Qingqing Zhou wrote:

"Alex Adriaanse" <[EMAIL PROTECTED]> writes


This seems to work, except there exists a race condition.  Consider the
following series of events (in chronological order):

  1. Initially, in the codes table there's a row with id=1, revision=1,
     and a row with id=2, revision=2
  2. Client A begins a transaction, and updates the row with id=1,
     resulting in revision=3 for that row
  3. Client B begins a transaction, and updates the row with id=2,
     resulting in revision=4 for that row
  4. Client B commits the transaction
  5. Client C (which has $lastrevision=2 in its local database)
     synchronizes with the database by doing SELECT * FROM codes WHERE
     revision > 2; and retrieves client B's update to the row with
     id=2, revision=4 (it doesn't yet see the update from client A)
  6. Client A commits the transaction
  7. Some time later, Client C synchronizes with the database again.
     $lastrevision for its database is now 4, so doing SELECT * FROM
     codes WHERE revision > 4; does not retrieve any rows.  So client C
     never sees client A's update to the row with id=1

Essentially, the race condition occurs when the order of clients
committing transactions (i.e. the updates becoming visible to other
clients) differs from the order of clients generating sequence values.
Do you guys have any suggestions on how to avoid this race condition, or
maybe a more elegant way to synchronize the clients with the server?



In my understanding, you are doing something like a CVS does.

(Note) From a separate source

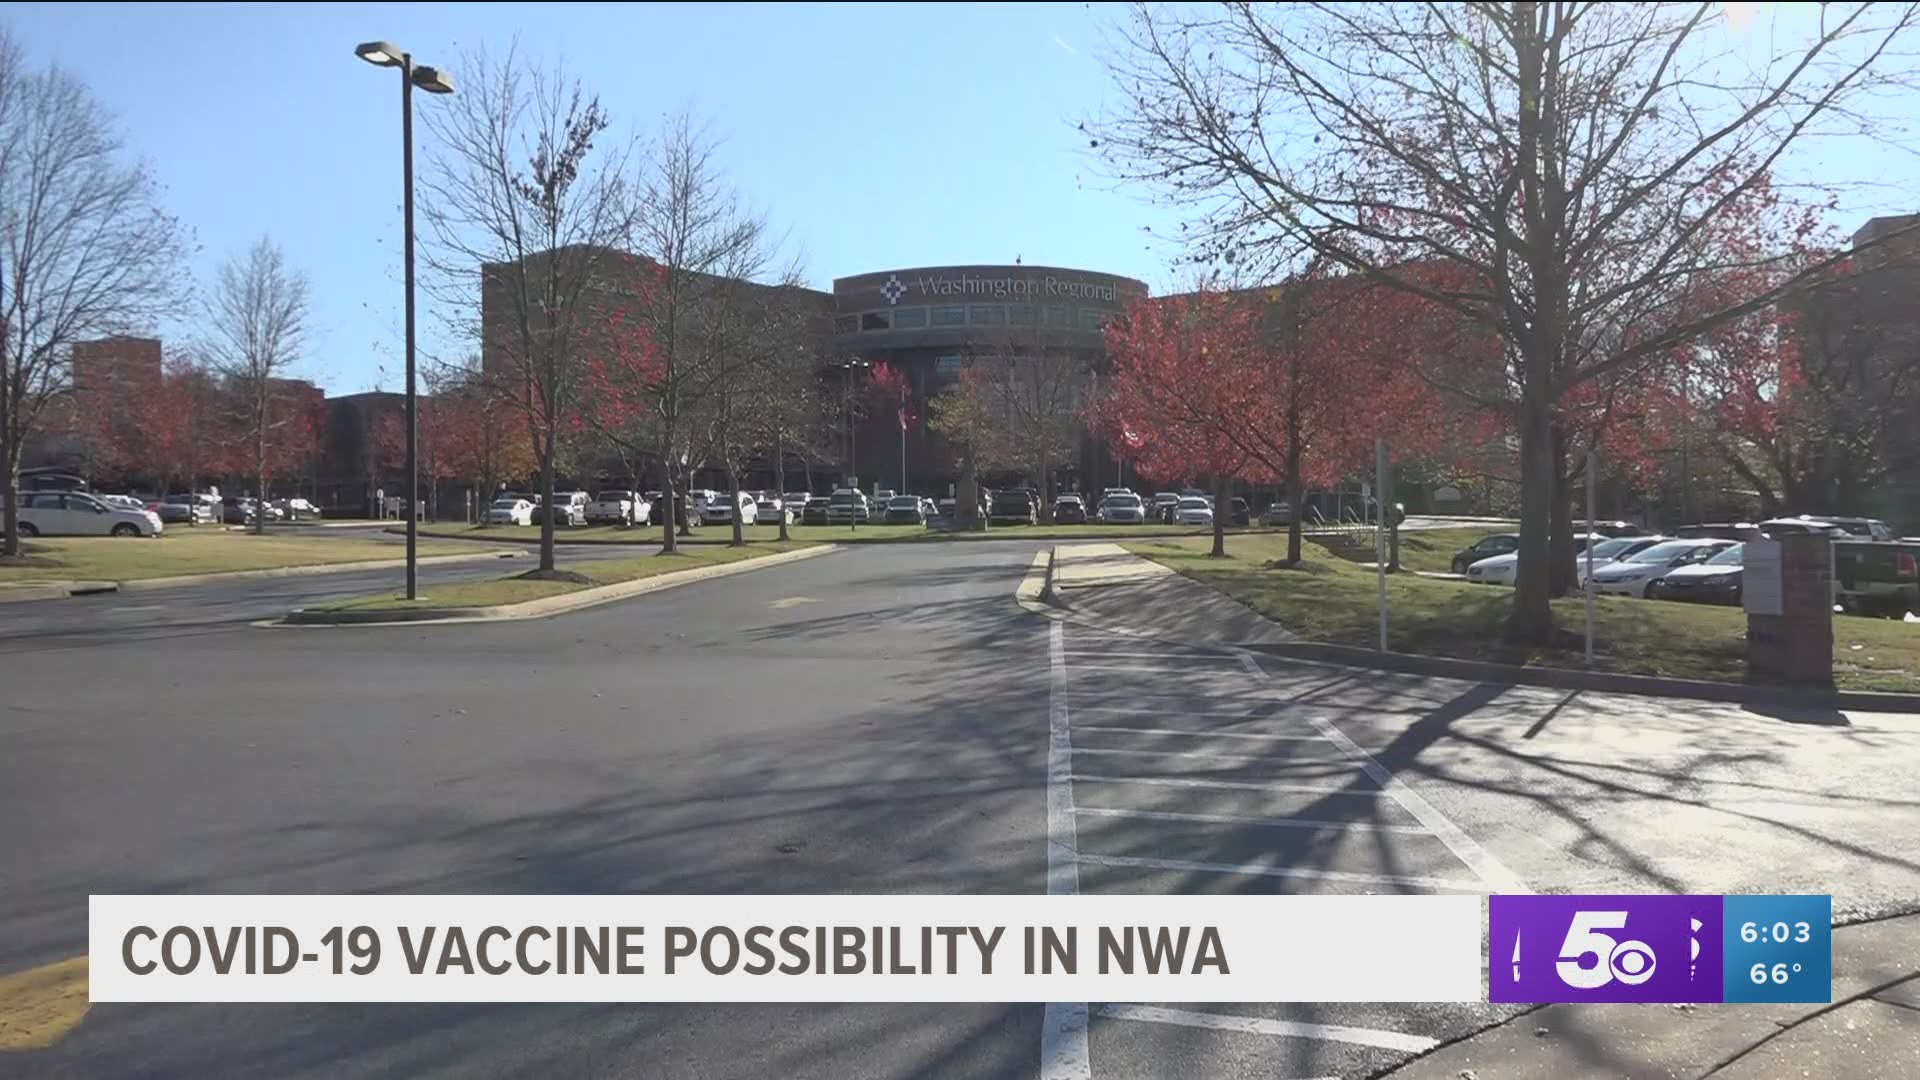 A COVID-19 vaccine could possibly be coming to Washington Regional

Say if you don't "check out" a file and you make a revision on the version you now see(say version 1), then when you want to commit, you will probabaly receive a "merge required" notice. Since in this interval, the file may have already updated by another user (to version 2) - he is free to do so since nobody knows that you might commit an update. To avoid this, you have to "check out" the file, i.e., lock the file to prevent other changes, then you are free of any merge requirement. The cost is that you locked the file and nobody could change it. So the only options are "merge" or "lock".

Regards,
Qingqing

Applying this analogy to our database, wouldn't that require a table-level lock during a CVS-like commit (which would mean locking the table, getting the revision number, updating the row(s), and committing the transaction)?